Problem — An exact reprint of the listing is required, with no pictures included.

Recorded information —
Content starts
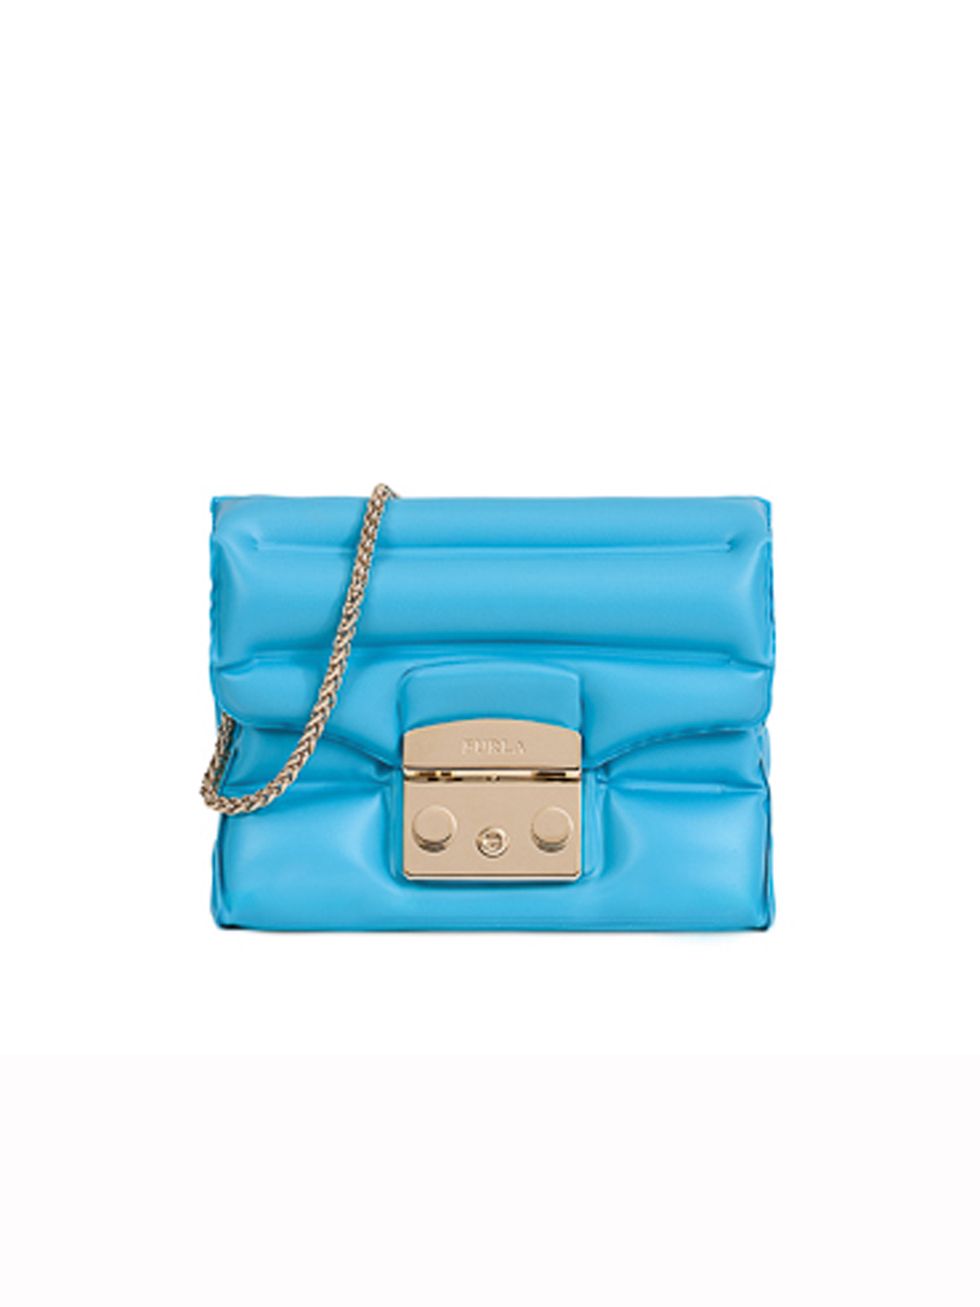 Turquoise, Bag, Blue, Aqua, Handbag, Leather, Fashion accessory, Electric blue, Teal, Azure, 
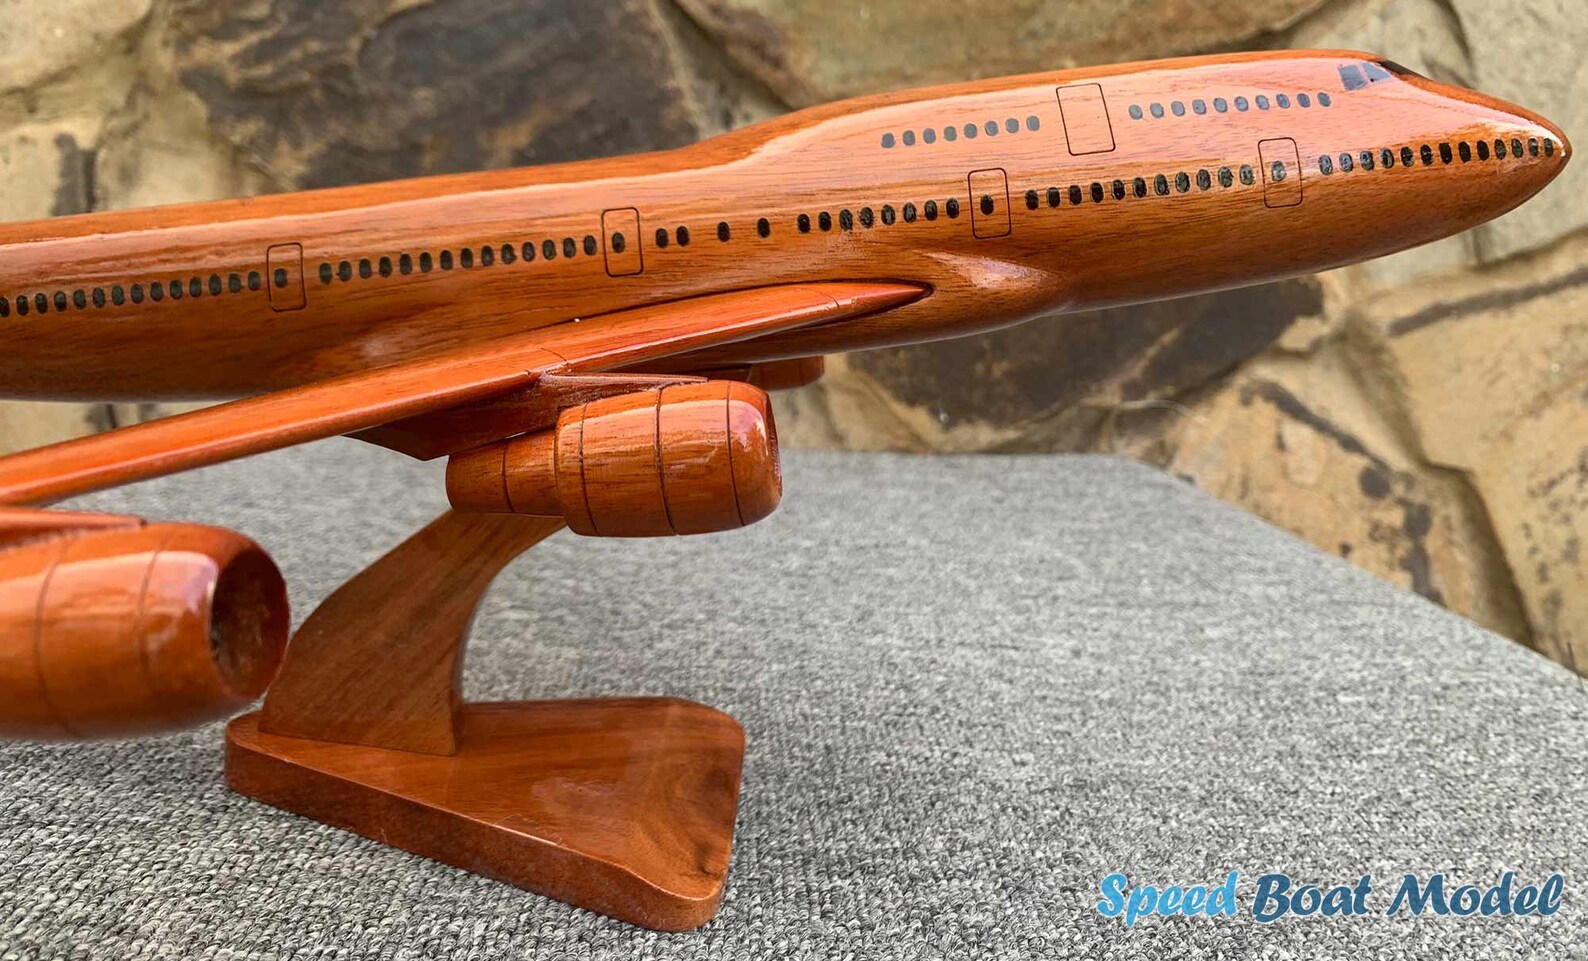 Boeing 747 Wooden Airplane Model 17.7"
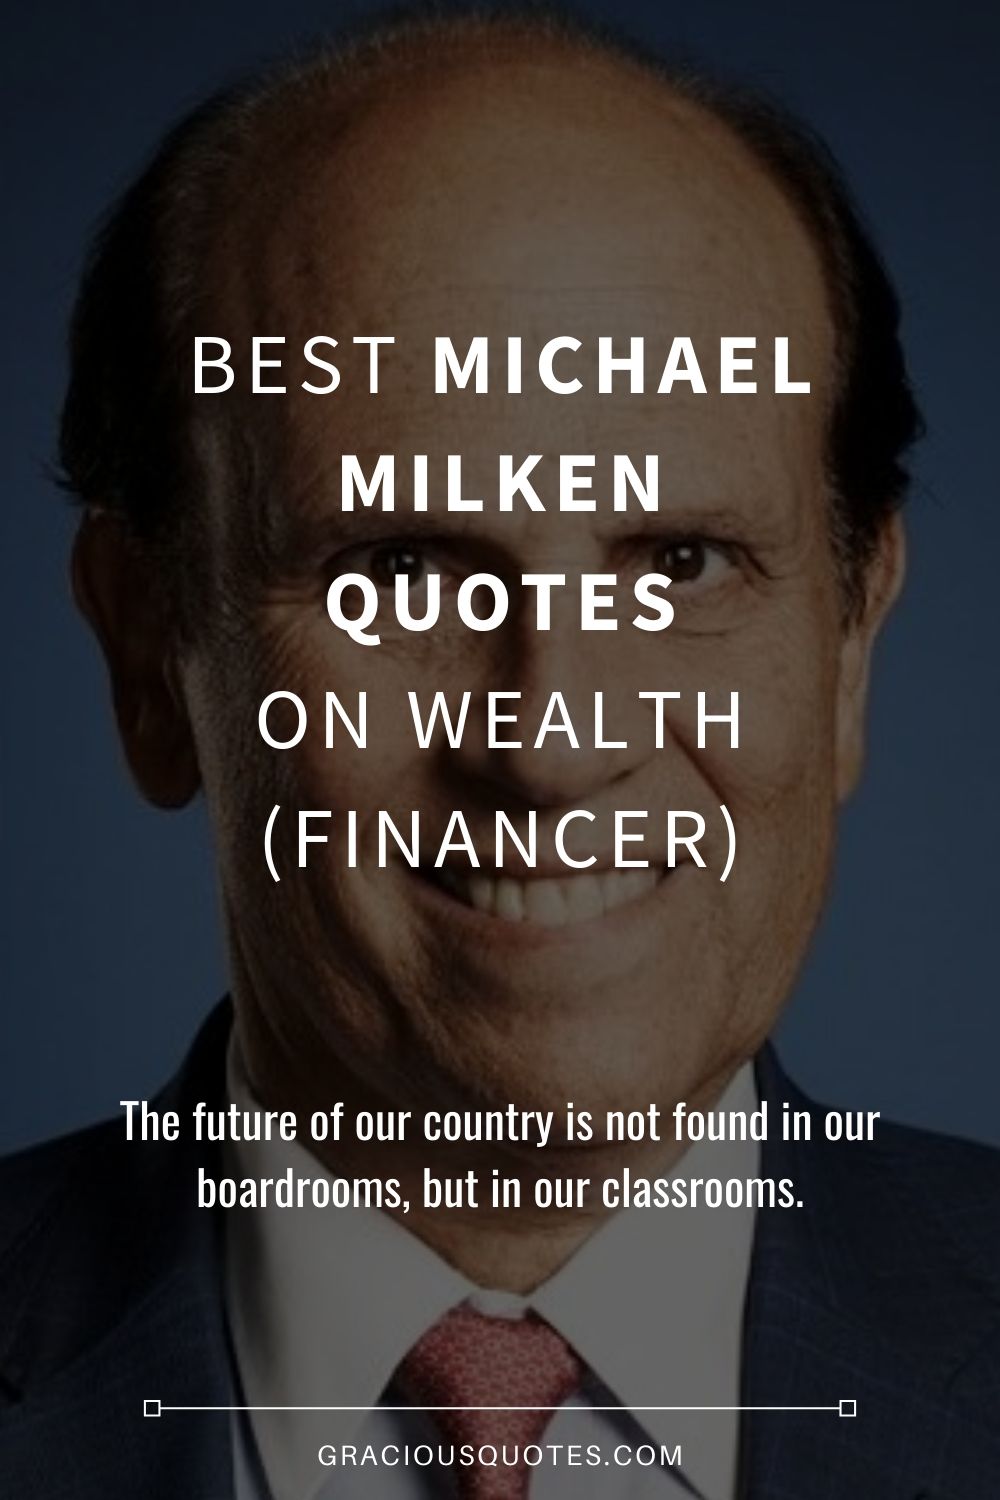 Best Michael Milken Quotes on Wealth (FINANCER) - Gracious Quotes
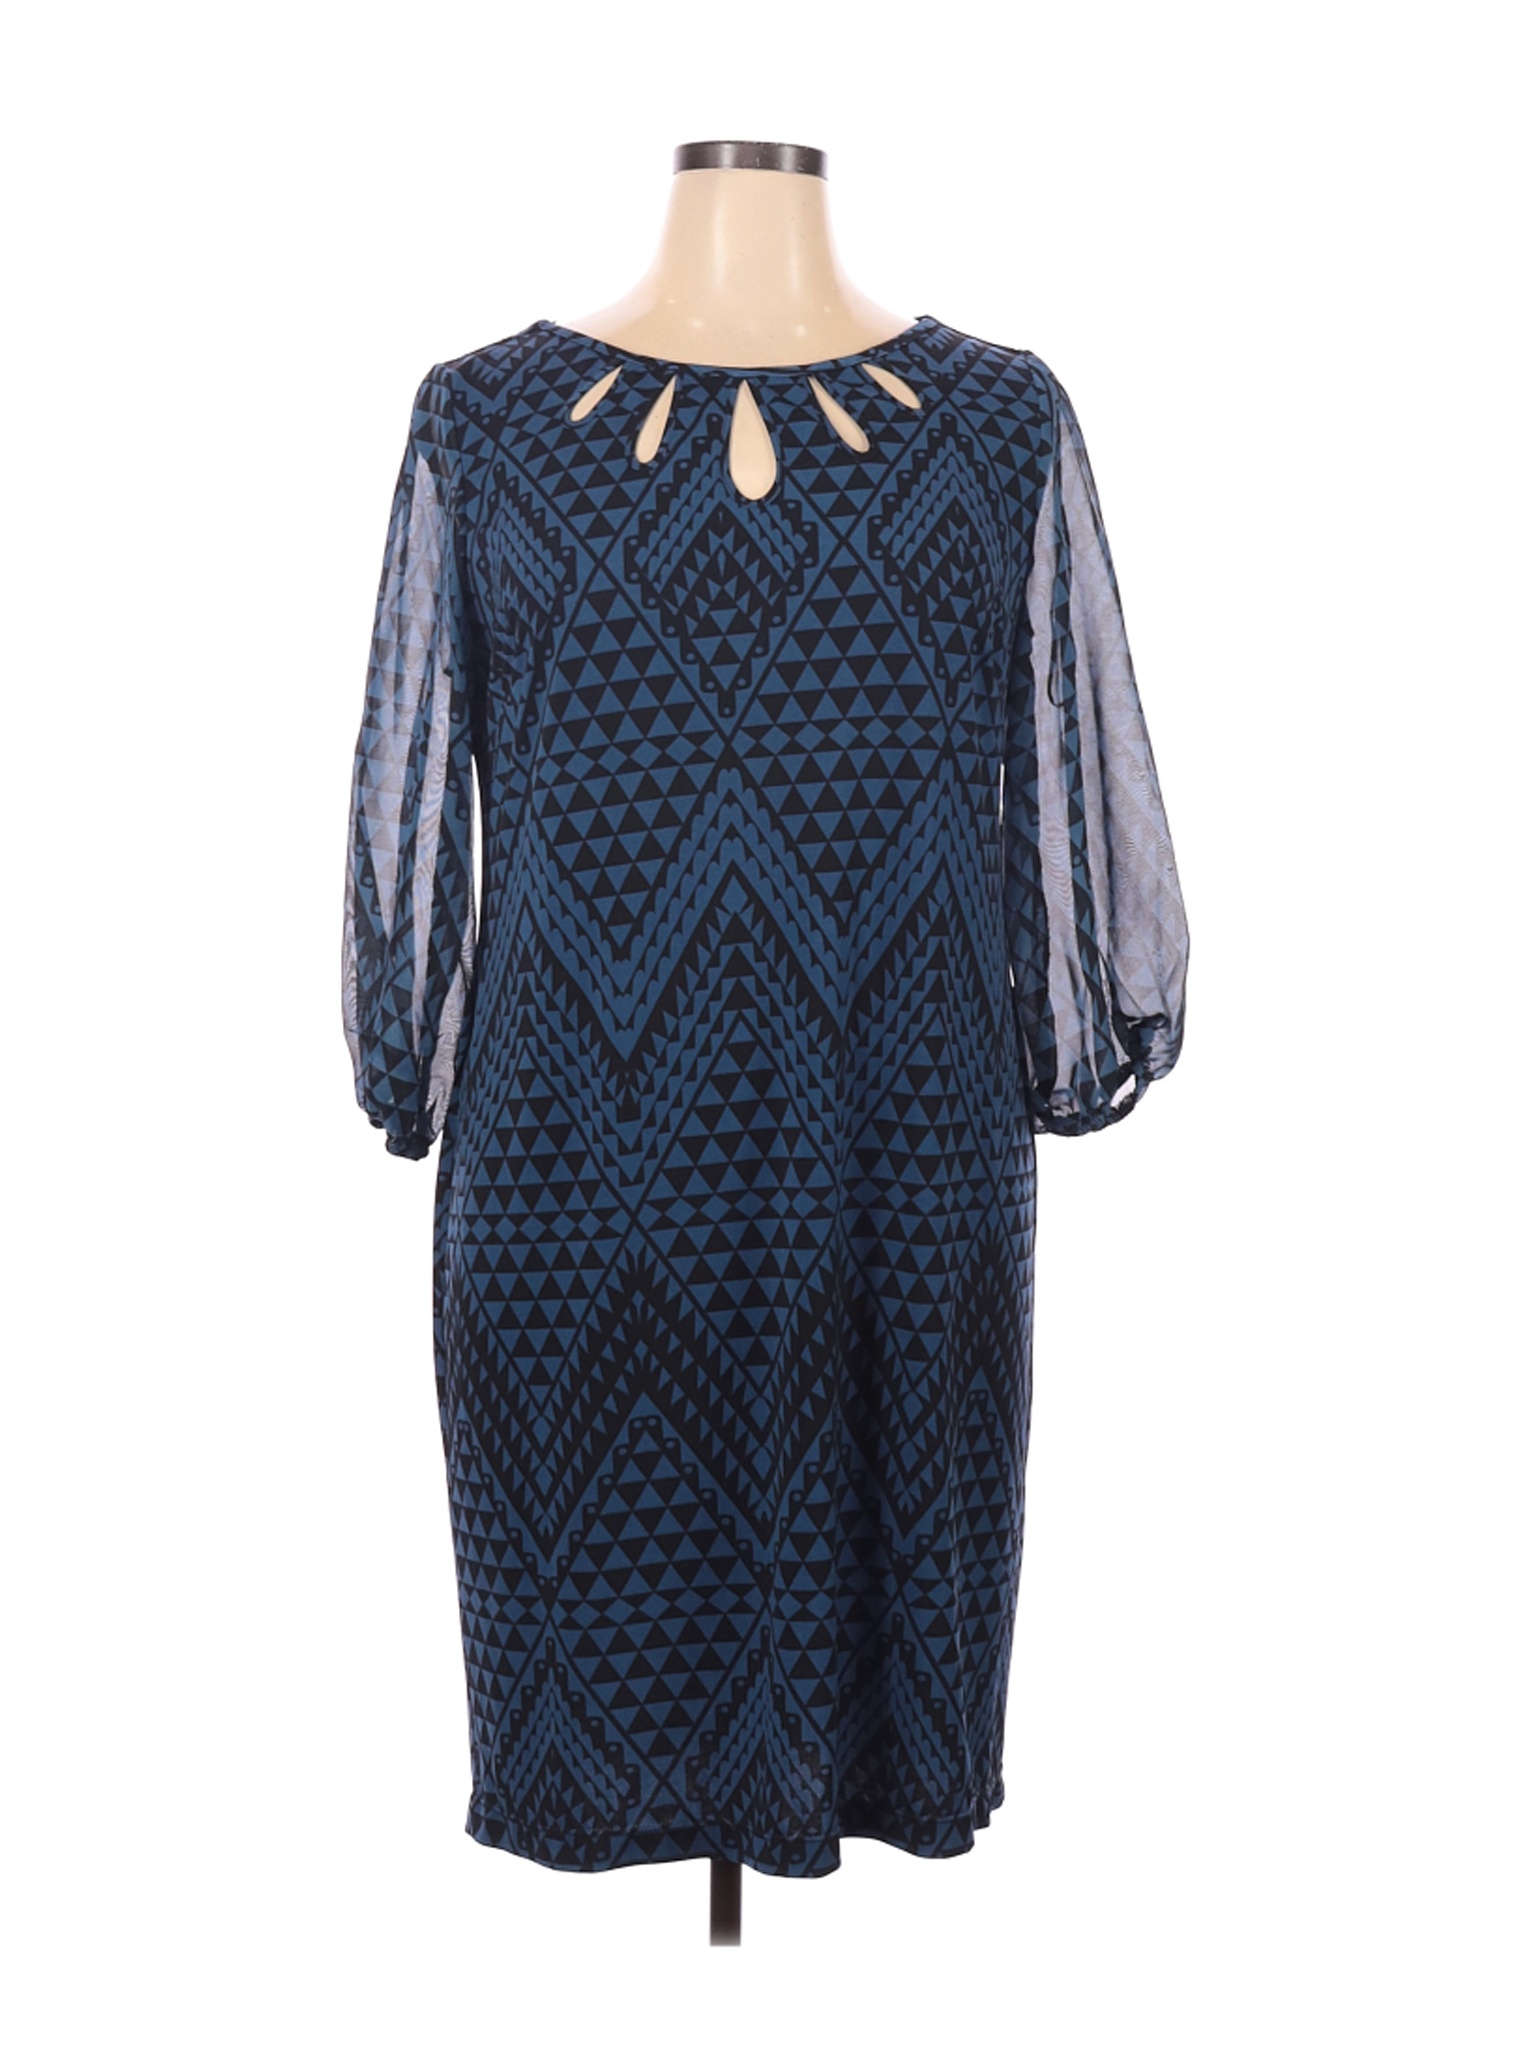 Danny Noble Women Blue Casual Dress 1X Plus | eBay
Content ends
Task response —
 Turquoise, Bag, Blue, Aqua, Handbag, Leather, Fashion accessory, Electric blue, Teal, Azure, 
 Boeing 747 Wooden Airplane Model 17.7"
 Best Michael Milken Quotes on Wealth (FINANCER) - Gracious Quotes
 Danny Noble Women Blue Casual Dress 1X Plus | eBay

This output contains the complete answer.